4.2. Strengths and limitations The current study has several strengths. It is one of the few existing longitudinal studies investigating neurocognitive trajectories in FT BD I including a HC group. By using the RCI method, the current study also controls for measurement error and practice effects and investigates individual as well as group level trajectories. Limitations of the study include a high attrition rate that could increase the risk for drop out bias. However, completers and noncompleters were comparable on all baseline demographic, clinical and neurocognitive factors, except for the prevalence of psychosis, where a higher percentage of the completers had experienced a psychotic episode. There was however no difference in neurocognitive performance between completers and non-completers at baseline, an indication that a history of psychosis does not influence neurocognitive functioning (Demmo et al., 2016). Nevertheless, the specific implications of lifetime psychosis on the longitudinal course of neurocognitive functioning in the early phase of BD I remain inconclusive and should be further investigated in future research. The overall lack of differences between completers and non-completers is in accordance with other findings (Samame et al., 2014), and is supportive of the generalizability of the results. Finally, optimally a standardized test battery such as the MATRICS Consensus Cognitive Battery (MCCB) (Nuechterlein et al., 2008) should have been used. This would enable comparison across studies. However, the current study was initiated prior to the release of the MCCB battery. 12
4.3. Conclusion Our results are indicative of a relatively stable course of neurocognitive functioning in the early phase of BD I. Only a minority of patients present with greater decline or improvement compared to healthy participants over a one-year follow-up period.
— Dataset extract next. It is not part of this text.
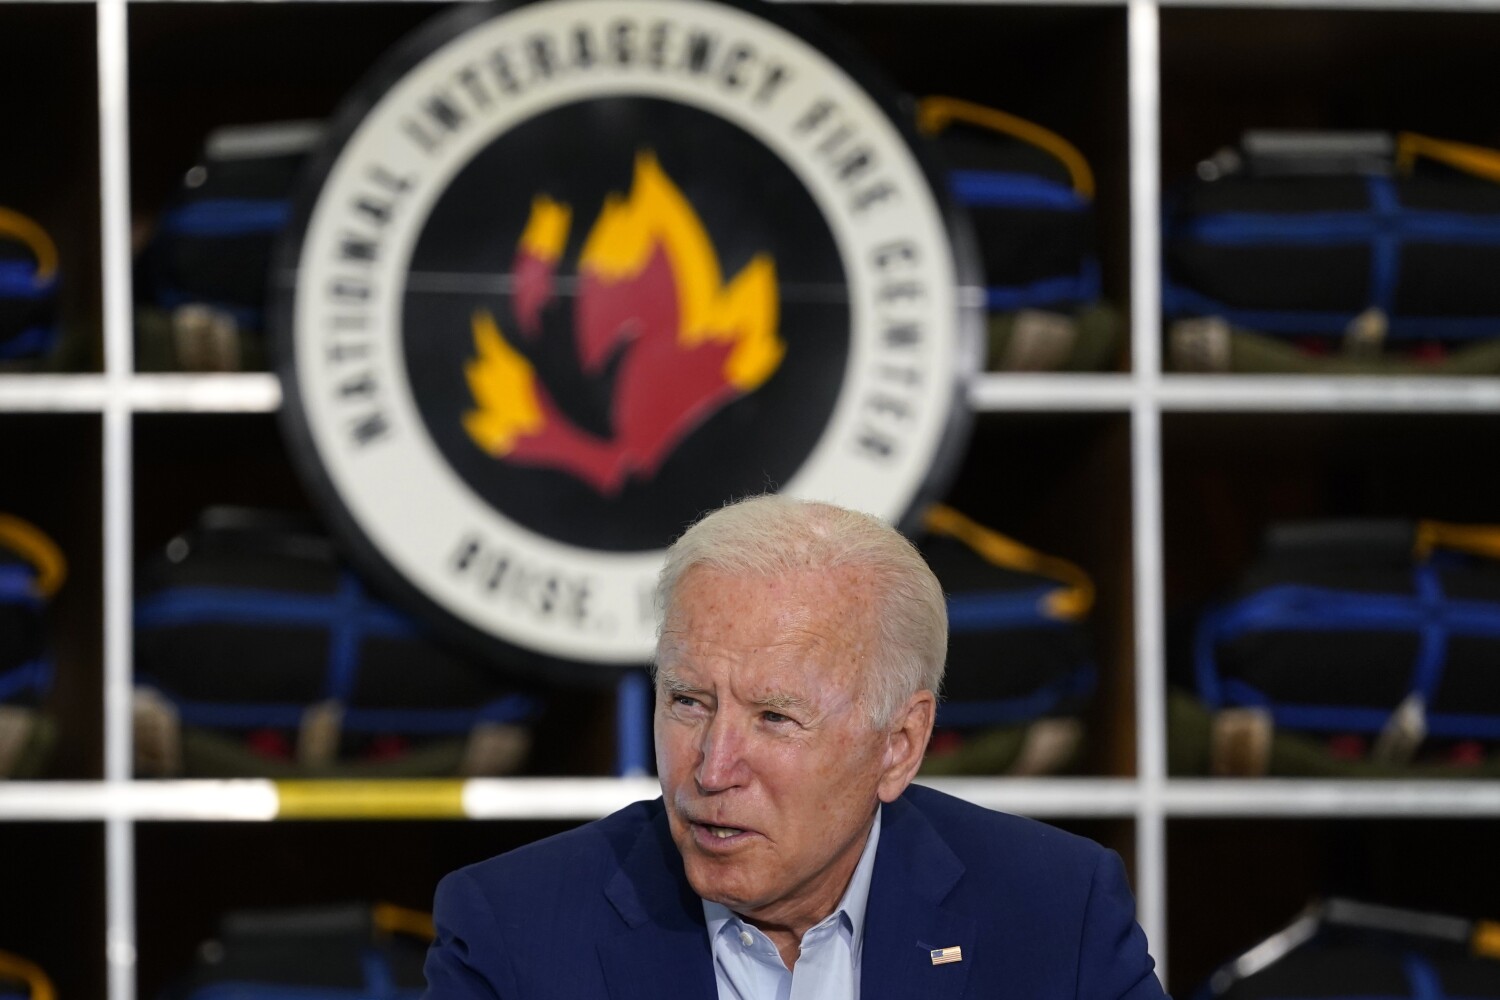 Biden will confront the issue of wildfire danger during California trip

Thus, our findings are in accordance with results from both longitudinal studies of more chronic BD patients and findings from the other available longitudinal studies investigating neurocognitive trajectories in FT BD I. This stability could indicate that the pathophysiology of neurocognitive impairment is more related to a neurodevelopmental than to a degenerative process. This interpretation is also supported by our previous report (Demmo et al., 2016) where neurocognitive impairments in this FT BD I sample were not explained by number of previous untreated affective episodes, apart from indications of an association between number of previous untreated manic episodes and executive functioning. As neurocognitive impairments are present in the early stage of BD I, and remain impaired after one year in treatment, they should be a treatment target. In terms of implications for future research, some minor discrepancies in terms of indications of different selective improvements in the FT BD I group are evident and need further investigation. To enable comparison across studies the use of standardized cognitive batteries should be emphasized.
The authors of this paper have no conflicts of interest
Acknowledgements The study was funded by grants from the Research Council of Norway (#181831, 147787/320, #67153/V50) and the South-Eastern Norway Regional Health Authority (#2010-074, #2006258).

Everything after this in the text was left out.